1) Meeting with students five days a week permits no room for procrastination. Each week takes on its own thematic shape and pace. The 10-11 AM "workshop hour," in which I divided my 15 students into groups of 3 and 4 for the sake of informal conversation, was both my single best decision (in terms of getting to know my students) and the worst decision (in terms of conserving my own work time).
2) I am still not a morning person.
3) This generation of students doesn't use email much. They don't send a confirming reply unless you explicitly request it, so it can feel like you're shouting into the void. On the upside, I was glad they so readily left behind their laptops in coming to class.
4) Lecturing on five books, a dozen articles, and the craft of nonfiction is a lot for one month. I used cards with abstract keyword prompts (e.g., for The Immortal Life of Henrietta Lacks: gender, class, race, identity) to guide discussion. Being a teacher requires an extraordinary vocabulary, one which you can and will flub from time to time, and then you must decide: do I correct myself in front of my students?
5) I still haven't figured out how to balance the needs of the students who get lost in class-wide silences, and the ones who use those silences to shape their answers.
6) No matter how sophisticated your class, arts and crafts are a good thing. Every time I can work erasures onto a syllabus, I do, thanks in large part to Mary Ruefle's great craft essay.

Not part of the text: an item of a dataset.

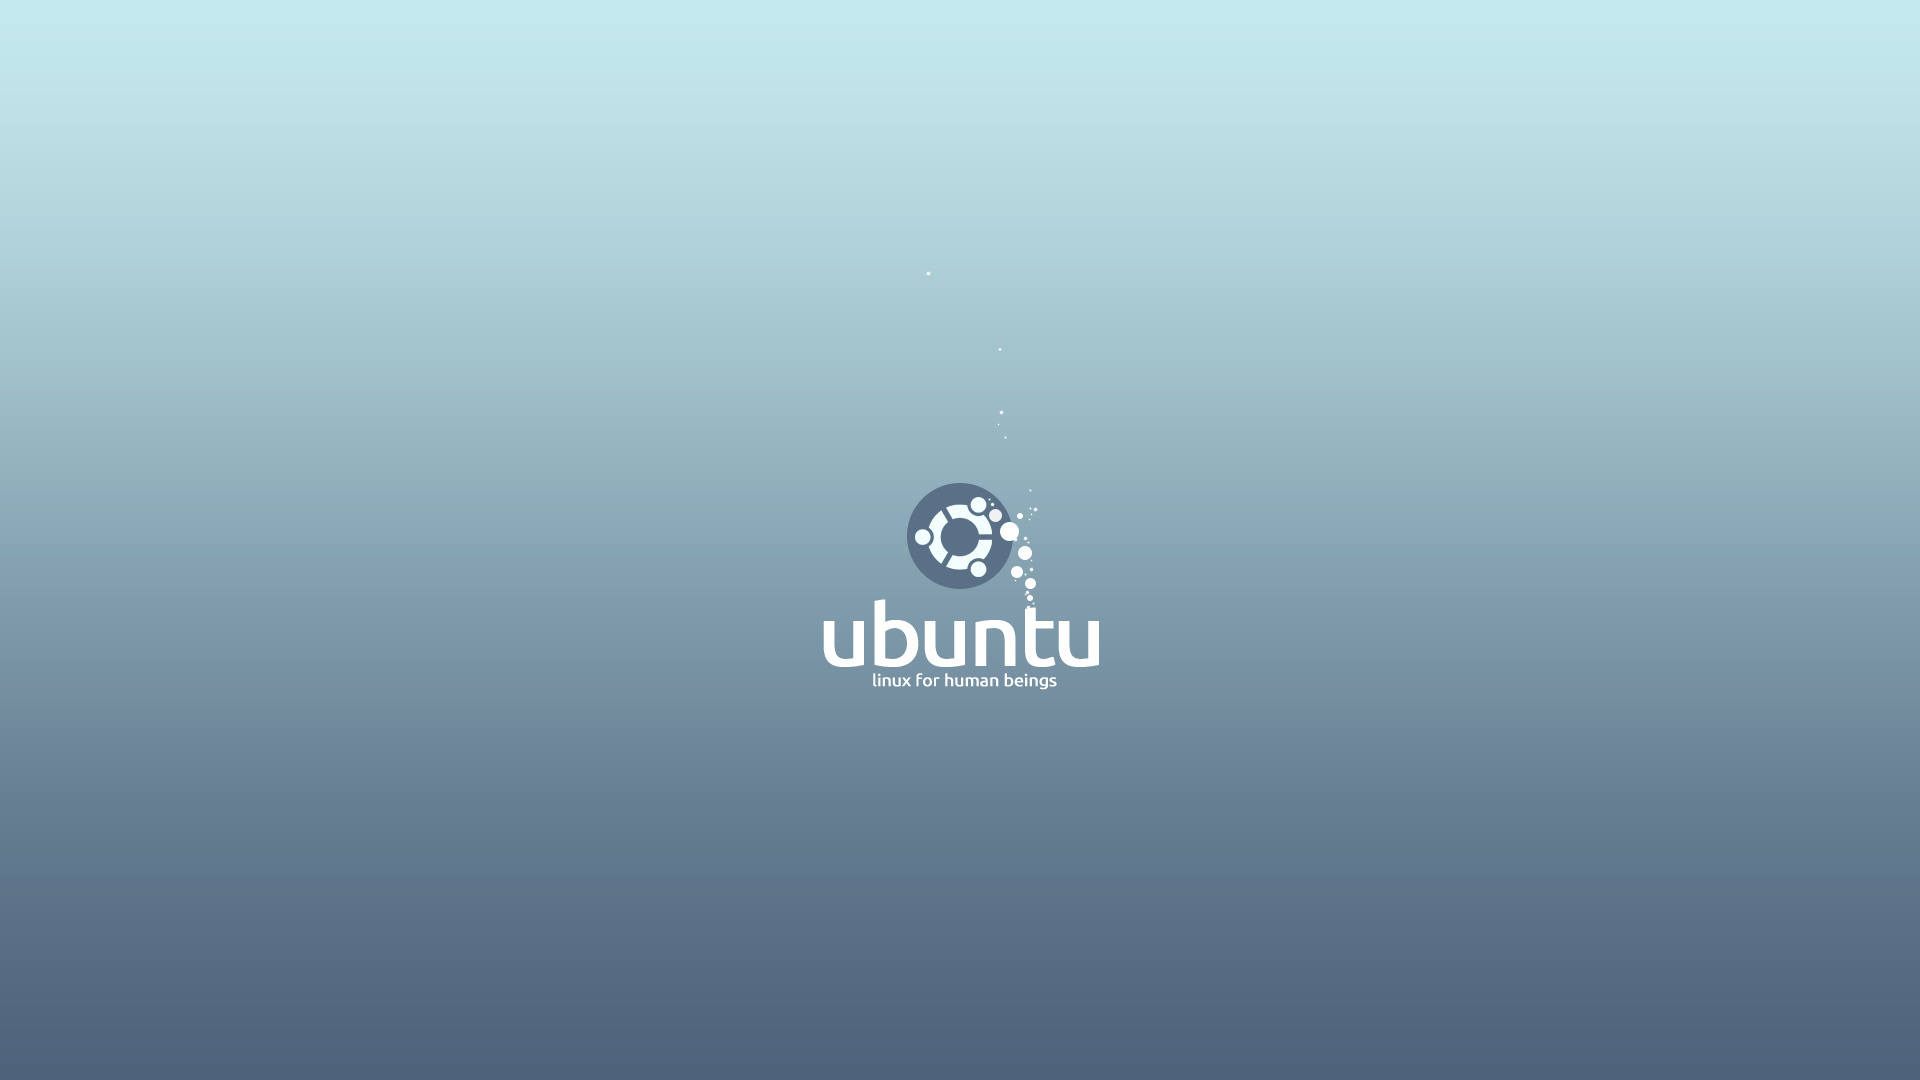 3d обои Ubuntu / Убунту linux for human beings  бренд # 20939

This time around, we're using outdated science textbooks courtesy of Cornell College's library to shape creative texts from "uncreative" sources.

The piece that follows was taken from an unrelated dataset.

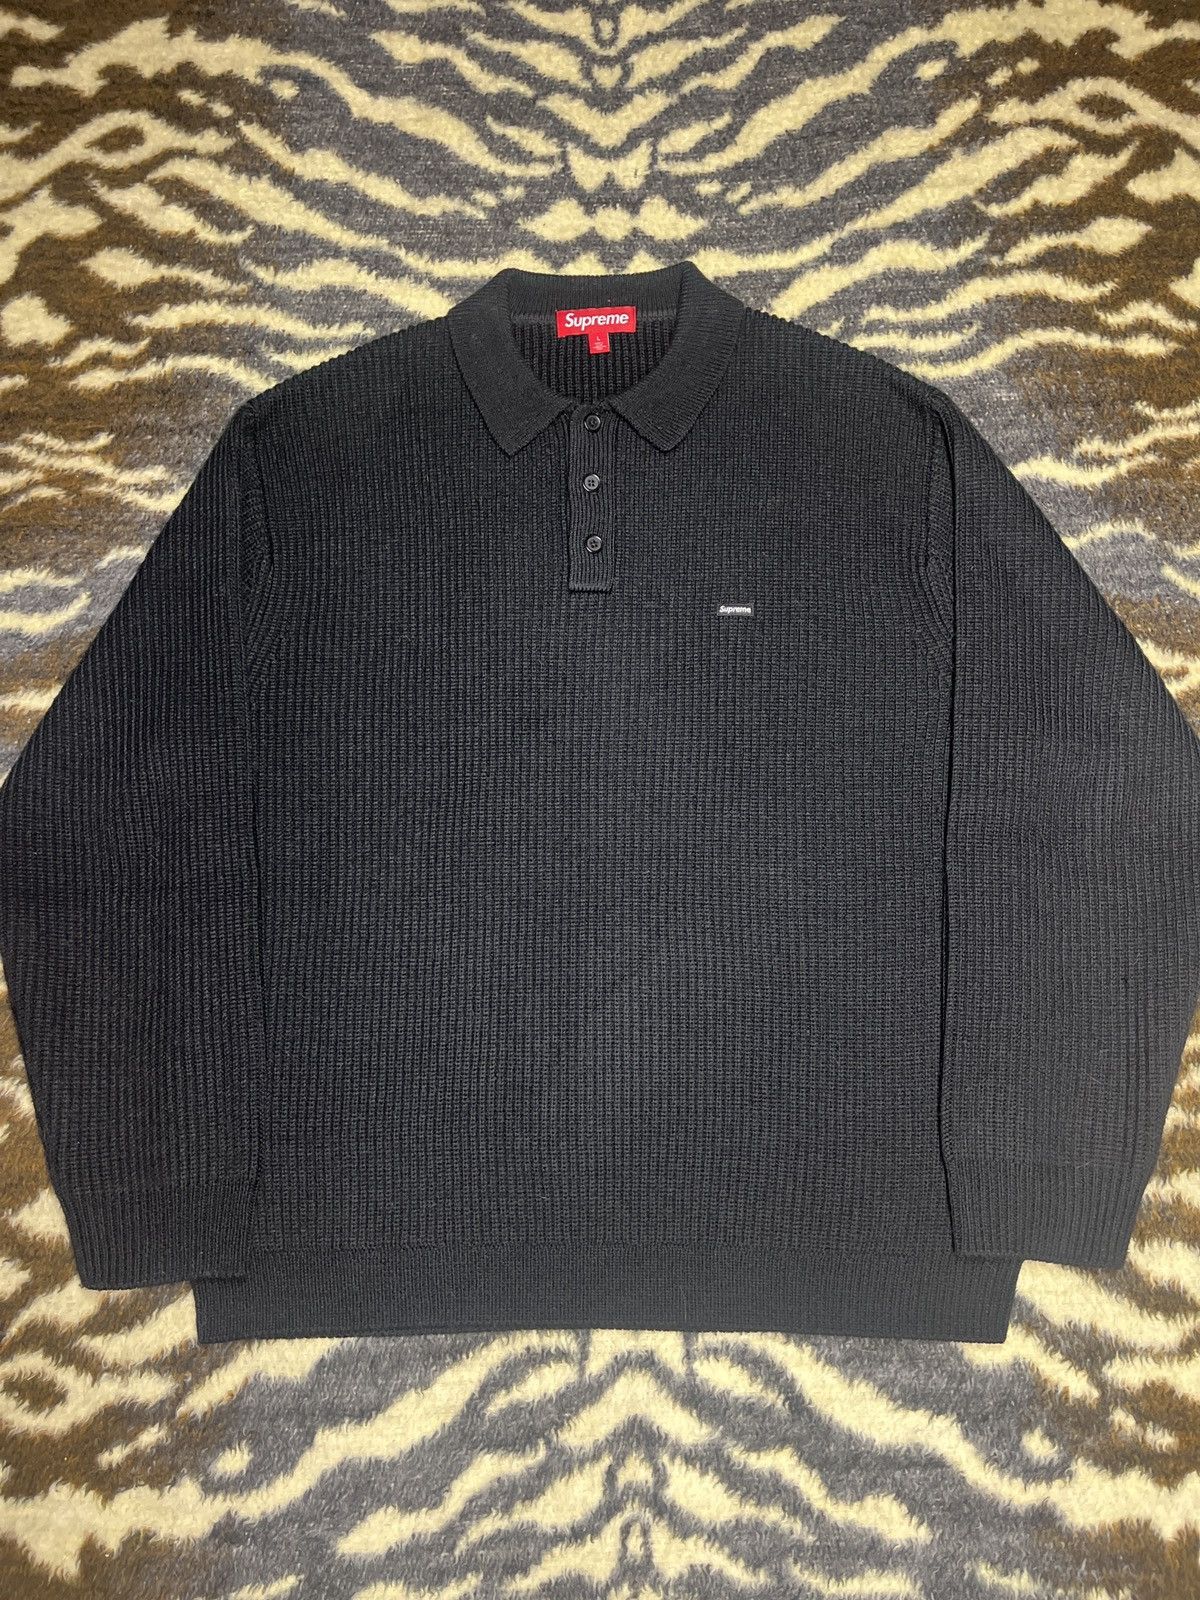 Supreme Supreme Small Box logo Collared Sweater | Grailed

7) Never give back graded work at the beginning of class; always wait until the end.
8) Students are comfortable reading beyond their level in an academic field, as long as they are regularly assured that it's okay to not "get" everything. I was delighted by how many gravitated to Leonard Susskind's The Black Hole War, opting to read it in its entirety, which I suspect is in part because he is so generous on this point.
9) Strange that we ask students to spend four years offering up informal opinions--"Did you like it?"--and close analysis on the page, without offering practical experience with the intersection of the two: the 1,200-word book review. That's a real-world writing skill. We talked about what reviews are meant to do, reading examples from the New York Times Book Review and The American Scholar, and they wrote their own.
10) You never know which readings students will love, and which will elicit a "Meh." You never know which personal details to share, or which questions to answer only with editing. You never know who dreams, deep down, of being a poet.
Back in my own undergraduate days at the University of Virginia, I realize that I had no idea how hard it was to run a class. In recalling the things we harped on--spotting typos, expecting a 100% correct answer to every question, sulking when someone returned graded papers later than expected--I'm embarrassed. And newly grateful.

I came to Iowa with no expectations. I leave thinking I could live here.